# Leave it to Japan...



## shiben (Feb 5, 2012)

Anyone know how they do this?

CV01 Hatsune Miku - World is Mine Live in Tokyo, Japan - 1080p HD - YouTube


----------



## Beans45601 (Feb 5, 2012)

Right at the end, at 2:42, it gets bright and you can see the screen that it is being projected onto. But, that's all I have to add to the conversation, not very helpful :/


----------



## shiben (Feb 5, 2012)

Beans45601 said:


> Right at the end, at 2:42, it gets bright and you can see the screen that it is being projected onto. But, that's all I have to add to the conversation, not very helpful :/


 
There are 2 projectors, and I imagine 2 screens, possibly some sort of polarized light effect... The technology is kind of cool. The concept, well, its Japan?


----------



## gafftapegreenia (Feb 5, 2012)

I forget how it works but I know the Gorillaz use this same technology.


----------



## jxgriffi (Feb 5, 2012)

I believe it's the Musion Eyeliner system...

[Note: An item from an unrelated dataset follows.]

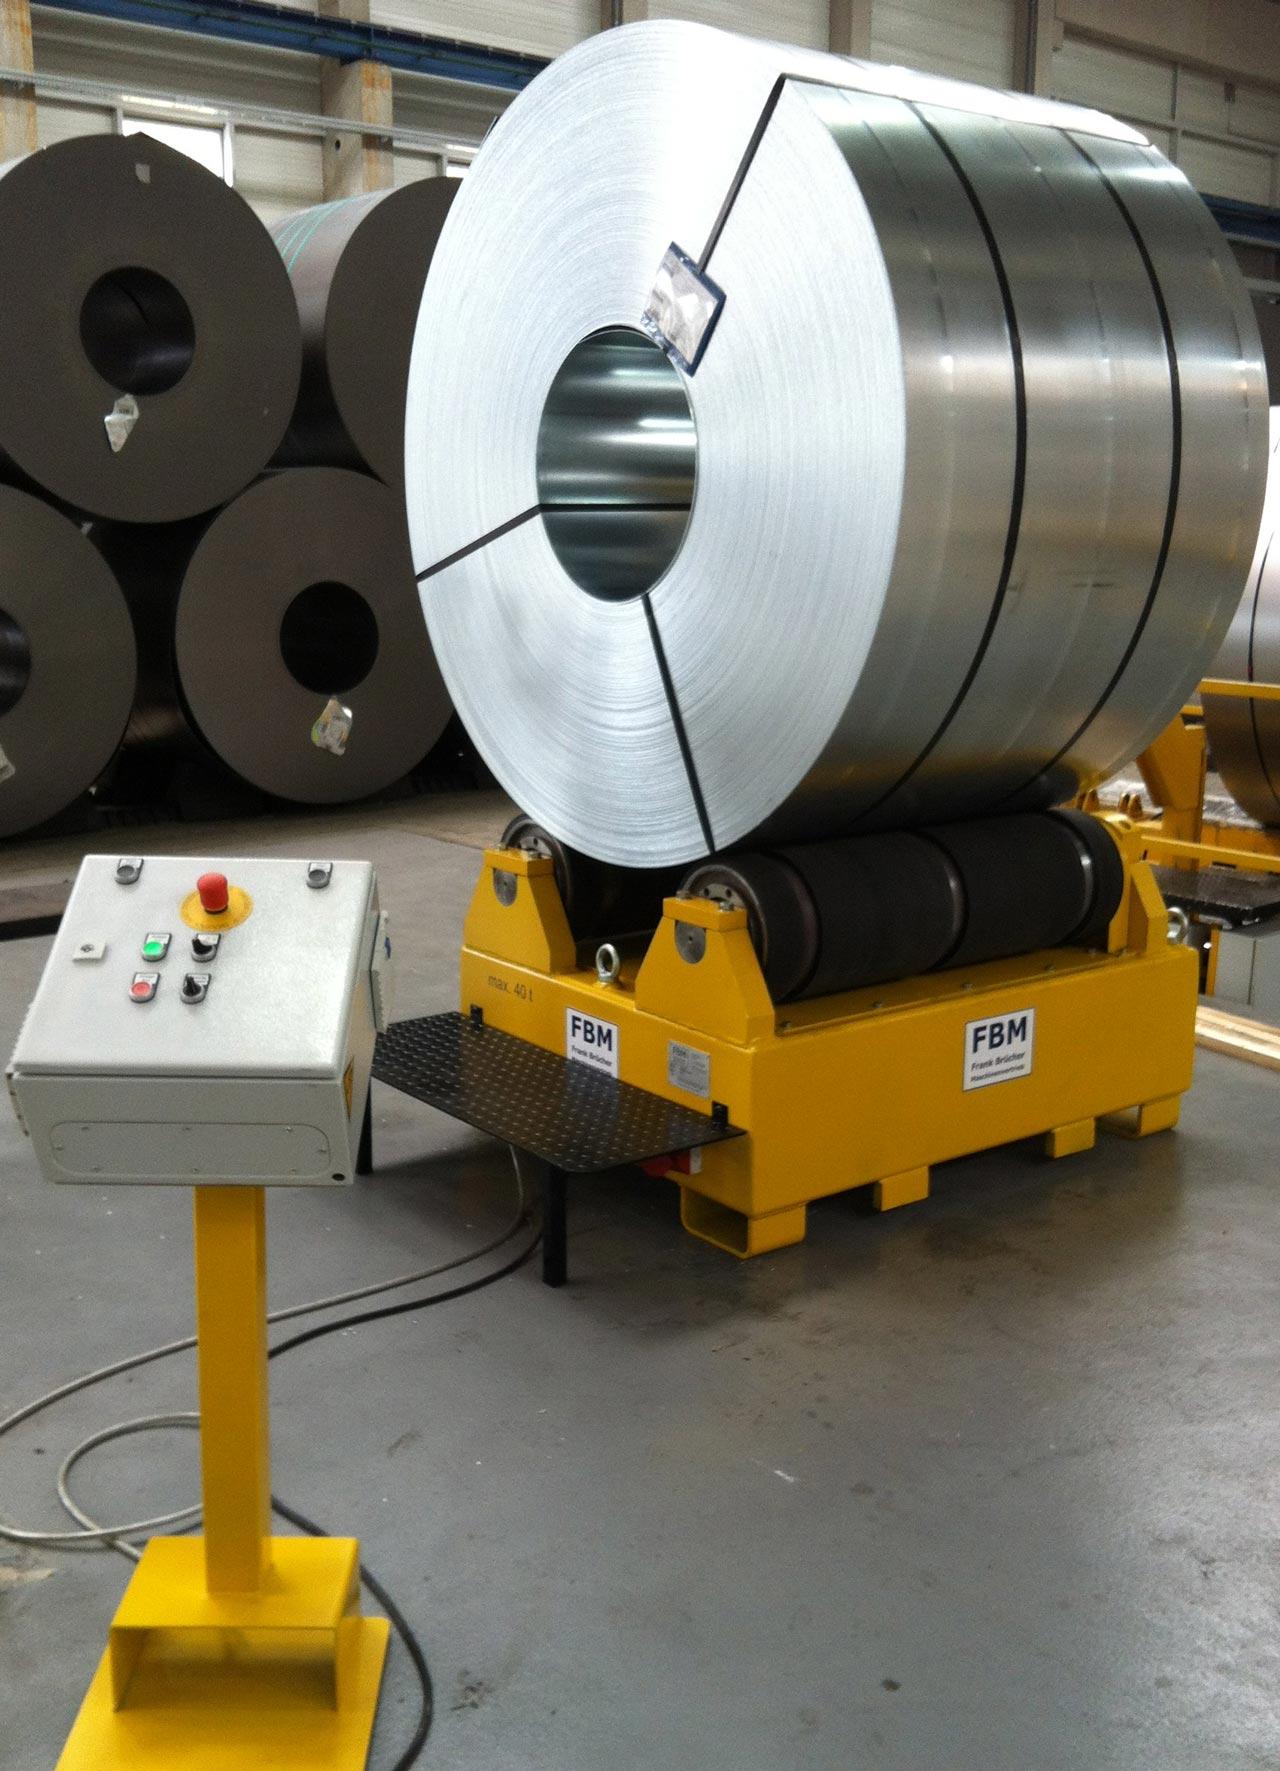 Coildrehstation, Coilvorbereitung, coilwender, coil drehvorrichtung, Coilvorbereitungsstation, Coilbock, Coil Drehstation, Coilverpackung, coil wenden, coil drehen, coil abwickeln, coil prüfen, Probenentnahme Coil
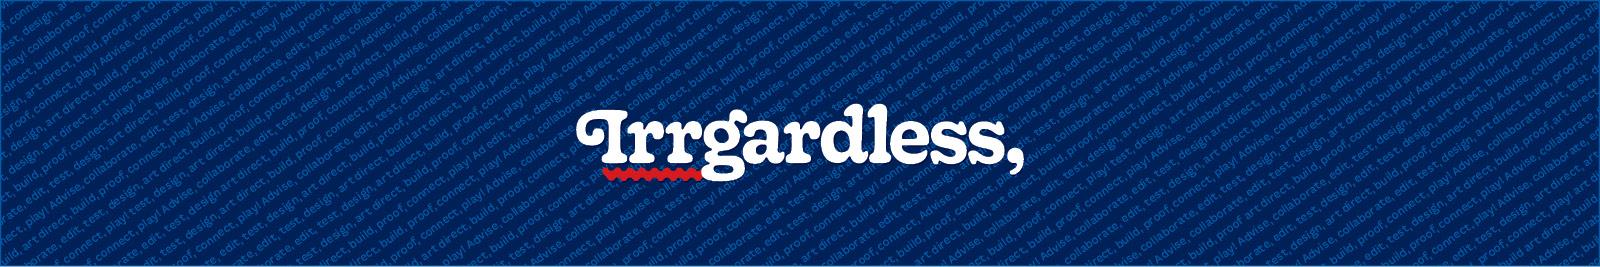 Irrgardless-text-bg2

Holograms | Musion Eyeliner | 3D Holographic Projection - Hologram Projector


----------



## shiben (Feb 5, 2012)

jxgriffi said:


> I believe it's the Musion Eyeliner system...
> 
> Holograms | Musion Eyeliner | 3D Holographic Projection - Hologram Projector


 
That looks like it... Kind of cool.


----------



## ruinexplorer (Feb 6, 2012)

Yes, it is an updated version of Pepper's Ghost effect. It's made by Dimensional Studios as noted above and used frequently in the US by AV Concepts (mainly corporate type events).

They wanted to do a tour with the Gorillaz, but the time to set it up is cost prohibitive for most touring applications.


----------



## 65535 (Feb 25, 2012)

Big glass rear projection screen very powerful projectors, animation possibly with motion capture.


----------